WASHINGTON -- The Senate Labor and Human Resources Committee yesterday unanimously approved a comprehensive education bill, but blocked attempts to add a provision that would have revamped the college financial and system and eliminated the need for tax-exempt student loan bonds.
The Senate panel's bill is at odds with the version passed last week by the House Education and Labor Committee, which would phase out by 1996 the current system of federally guaranteed bank loans in favor of a direct-loan program financed by the federal government.
The comprehensive education legislation is needed to reauthorize the Higher Education Act of 1965. Congress must complete work on the reauthorization by the end of next year.
Once the full House and Senate pass their respective versions of the bill, the issue of whether the final package will contain a direct-loan program will have to be resolved when the two houses meet sometime next spring to resolve their differences and craft a final package.
Sen. Paul Simon, D-Ill., a member of the Senate panel, has tried without success to persuade fellow committee members to support his call for direct loans.

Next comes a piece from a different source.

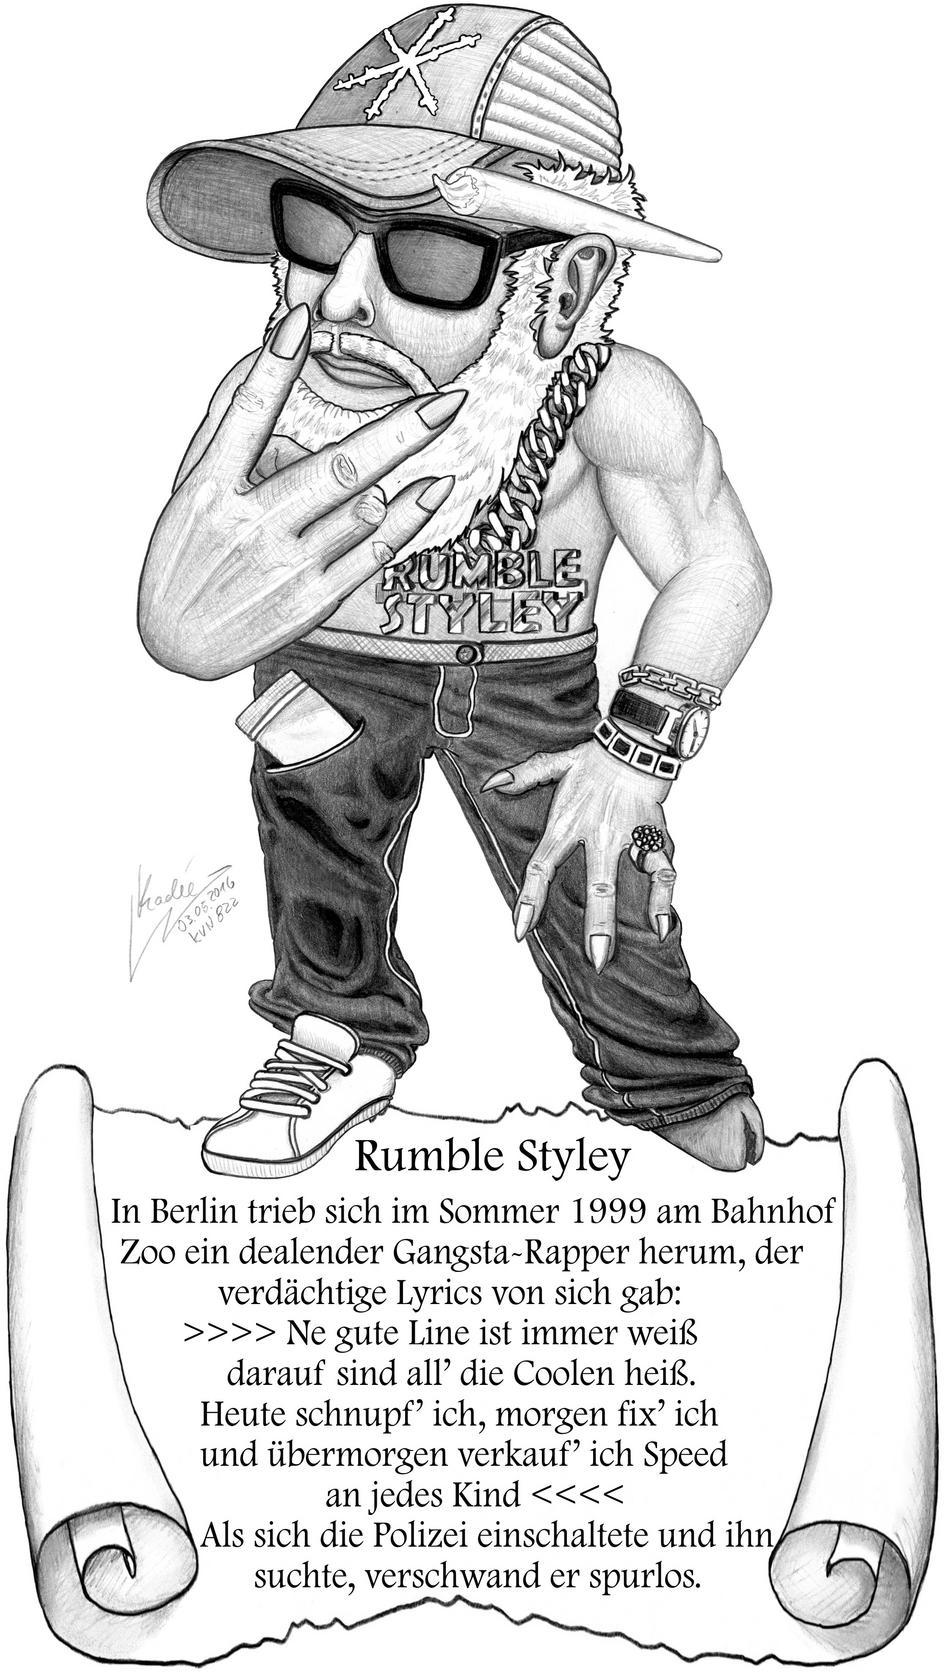 Rumble Styley (Kadée 2016 / KVN 822)

A spokesman for the committee said the panel plans to hold hearings on his plan, even though the panel has already voted.
The federal government currently guarantees loans made to students by commercial banks, which in turn sell the loans to state higher education authorities. The authorities often finance those purchases with tax-exempt bonds, and some operate bond-financed loan programs of their own to supplement the federal system.
The program approved by the House committee would require the federal government to give seed money to colleges to set up revolving loan funds for student aid. State education officials have said such a program would obviate the need for their student loan agencies, and in turn, for issuance of student loan bonds.